» MATERIAL PROVIDED
+ + + +

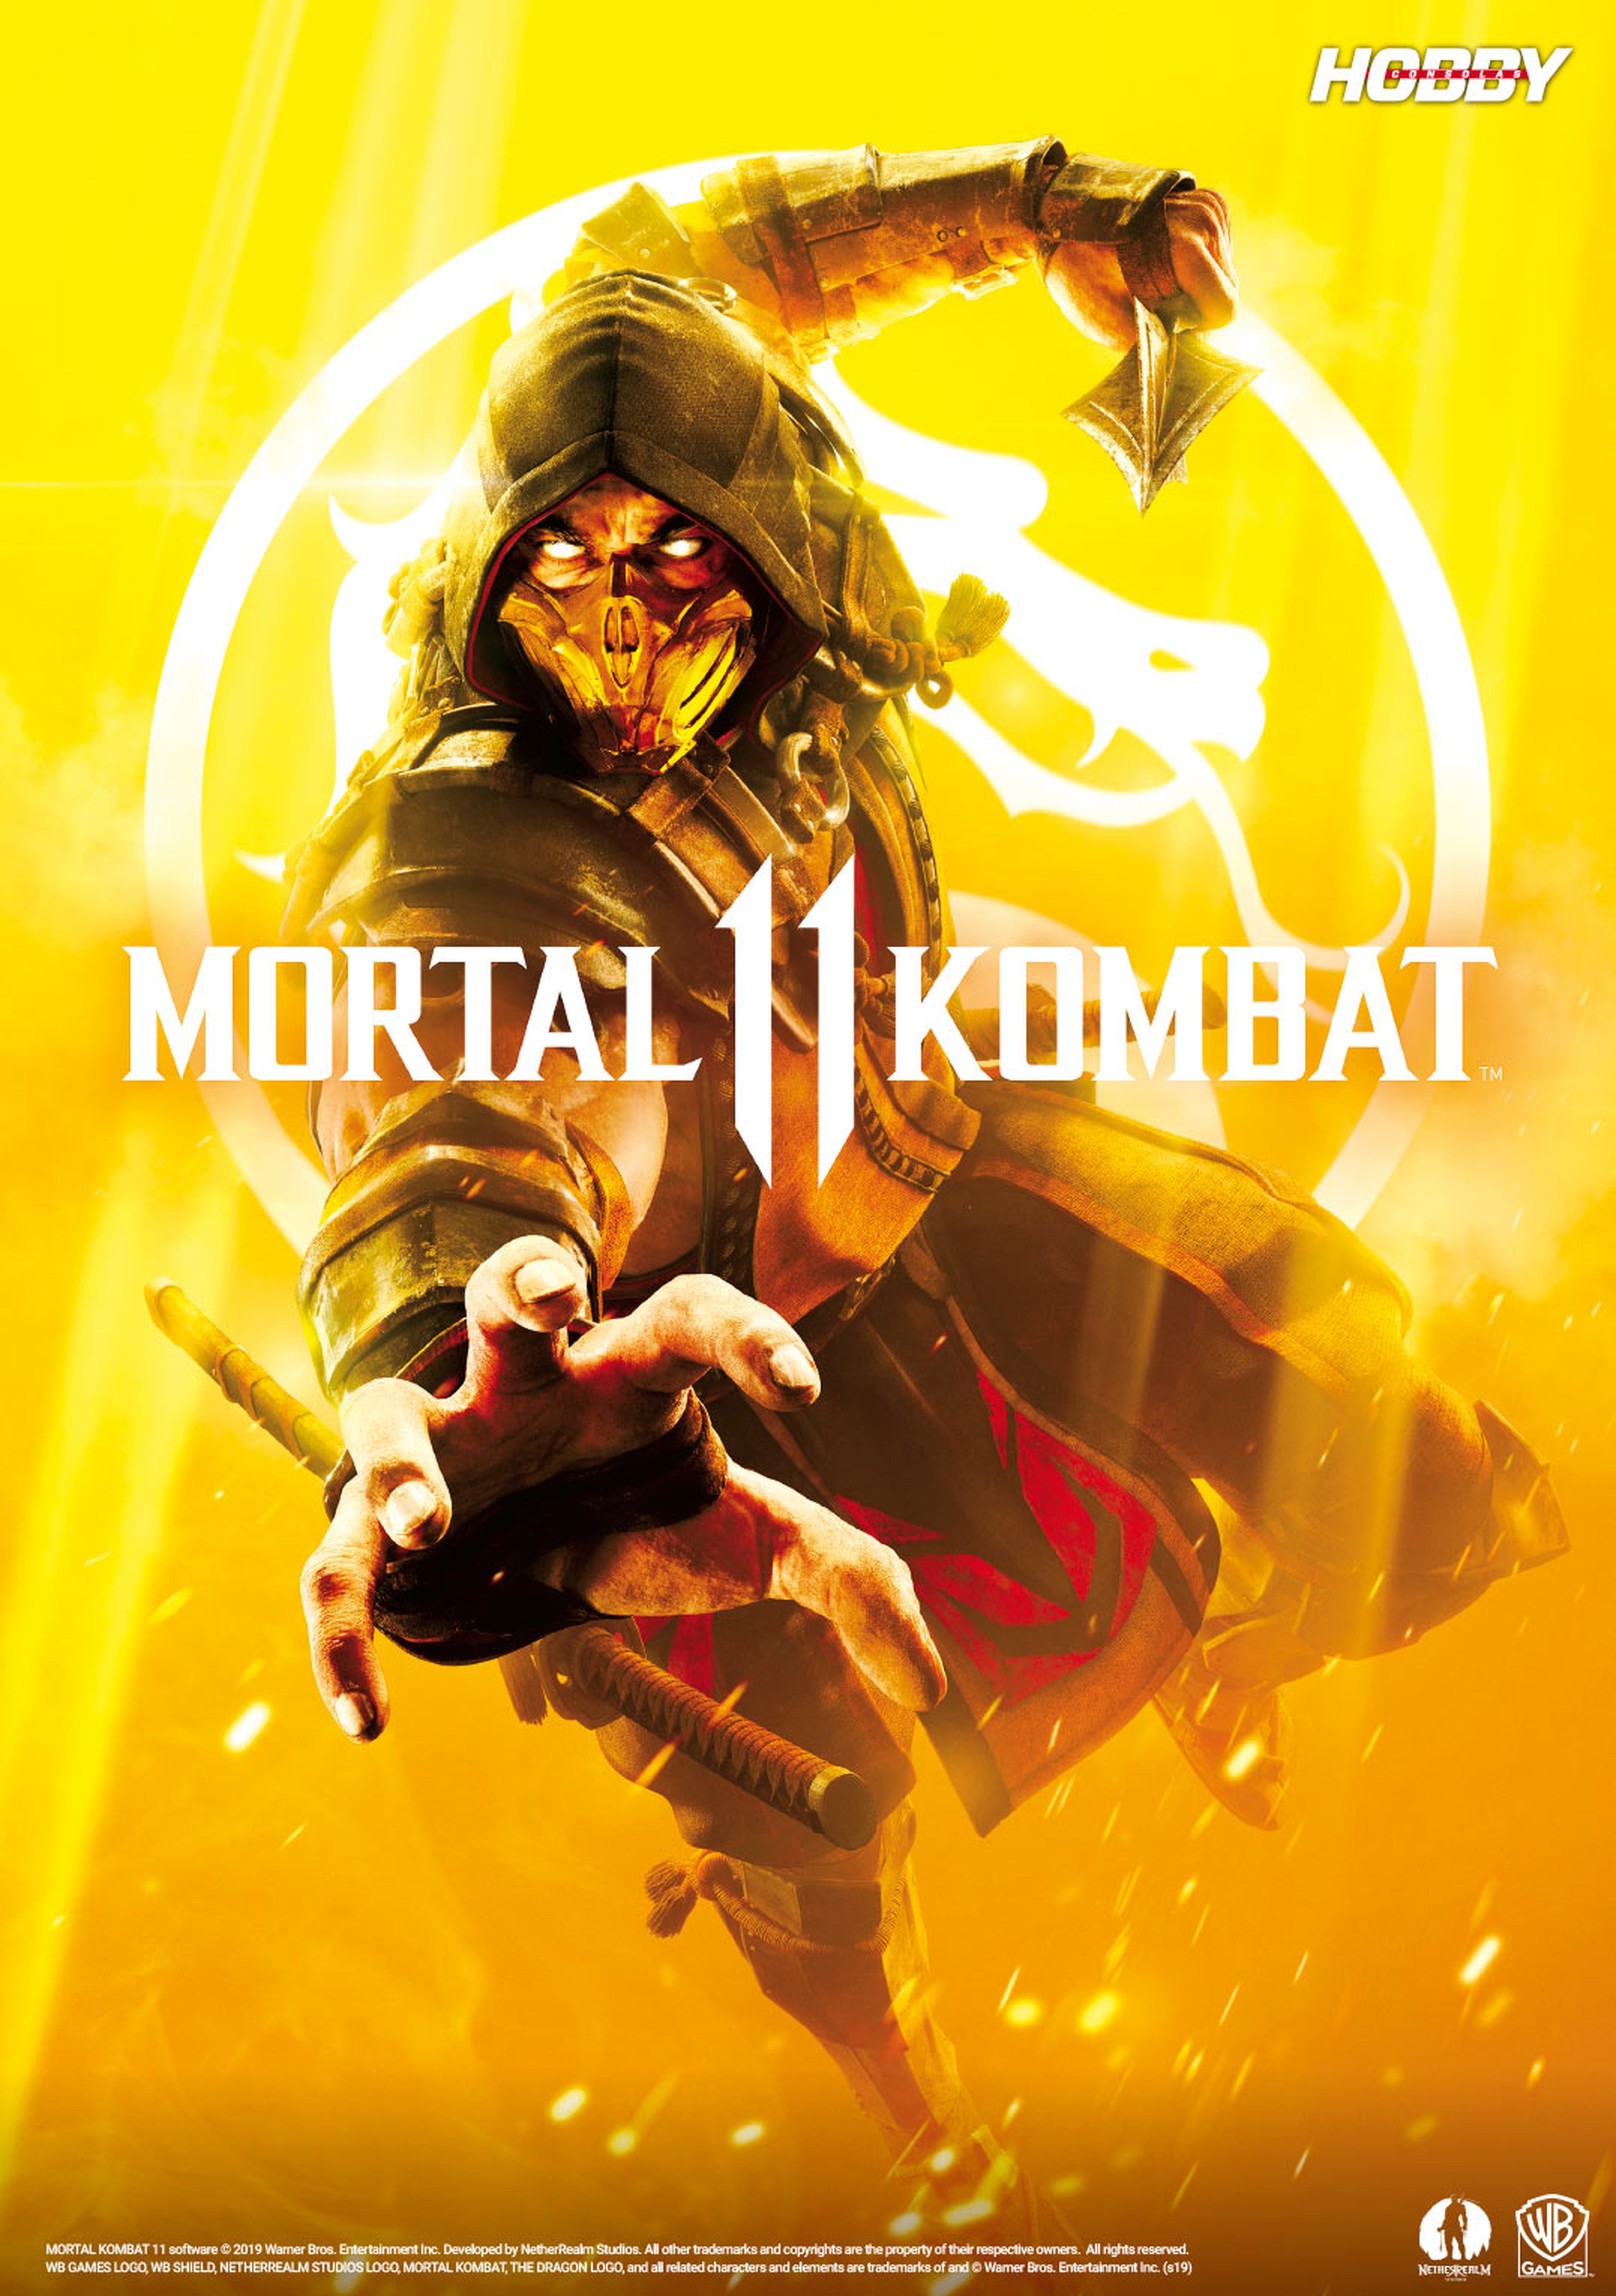 Hobby Consolas 334, a la venta con pósters de Sekiro y Mortal Kombat 11
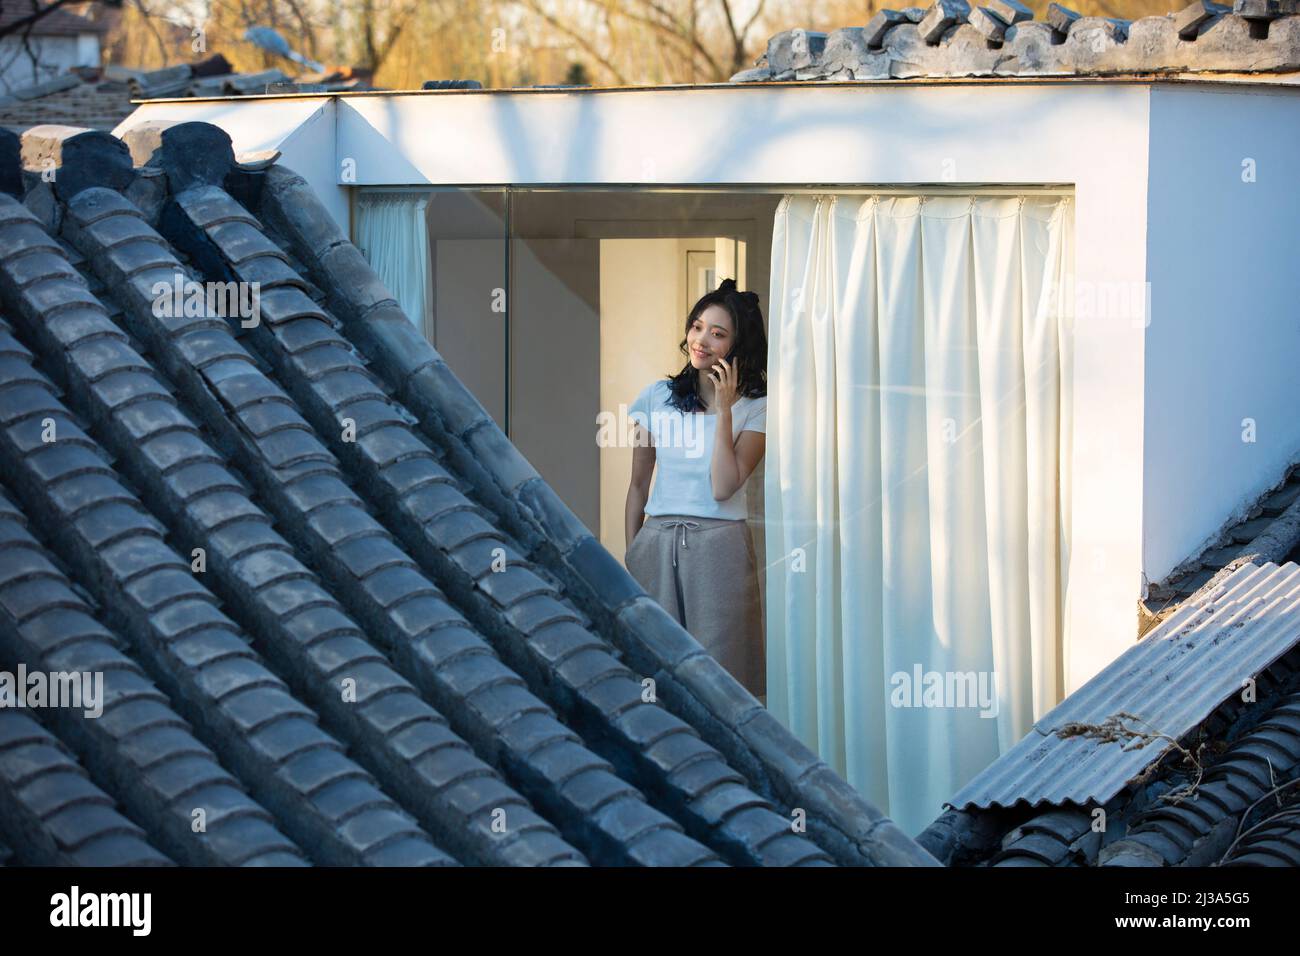 Giovane ragazza cinese che si gode il paesaggio architettonico tradizionale del siheyuan di Pechino in una finestra da pavimento a soffitto - foto di scorta Foto Stock
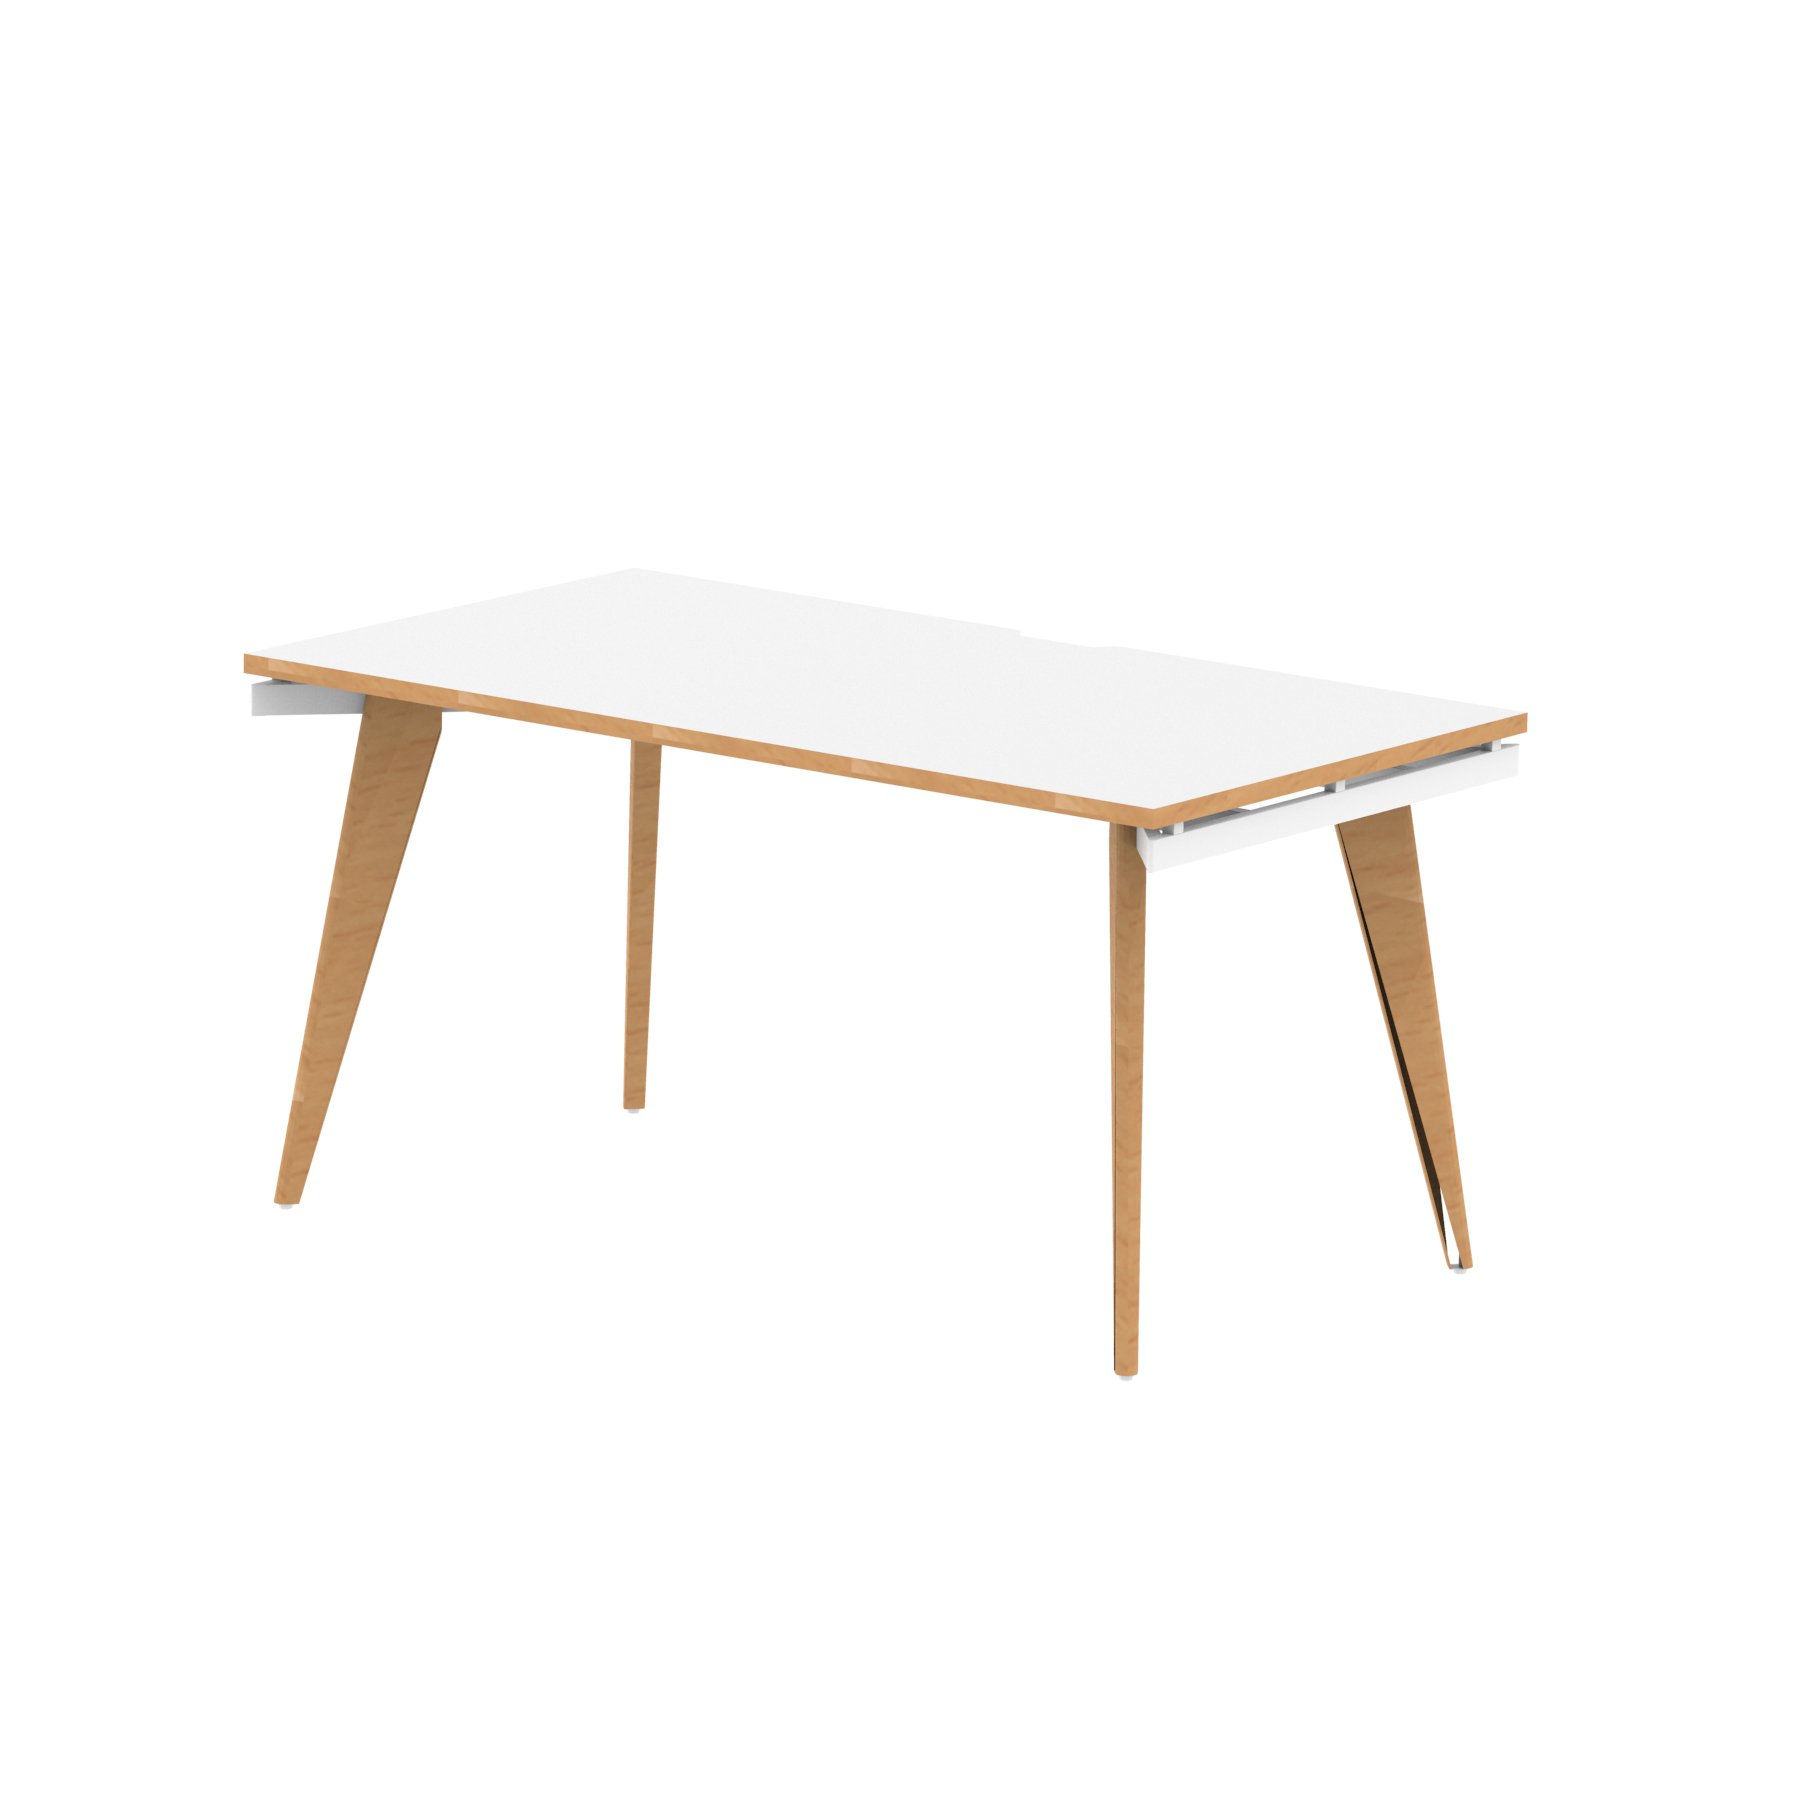 Rectangular Desks Oslo 1400mm Single Starter Desk White Top Natural Wood Edge White Frame OSL0119

+ + + +

» PROMPT
Would you transcribe, exactly and only, the lines from the one that contains "Giovane ragazza cinese" through the last line of the data above, without any pictures?

» TASK OUTPUT
 Giovane ragazza cinese che si gode il paesaggio architettonico tradizionale del siheyuan di Pechino in una finestra da pavimento a soffitto - foto di scorta Foto Stock
 Rectangular Desks Oslo 1400mm Single Starter Desk White Top Natural Wood Edge White Frame OSL0119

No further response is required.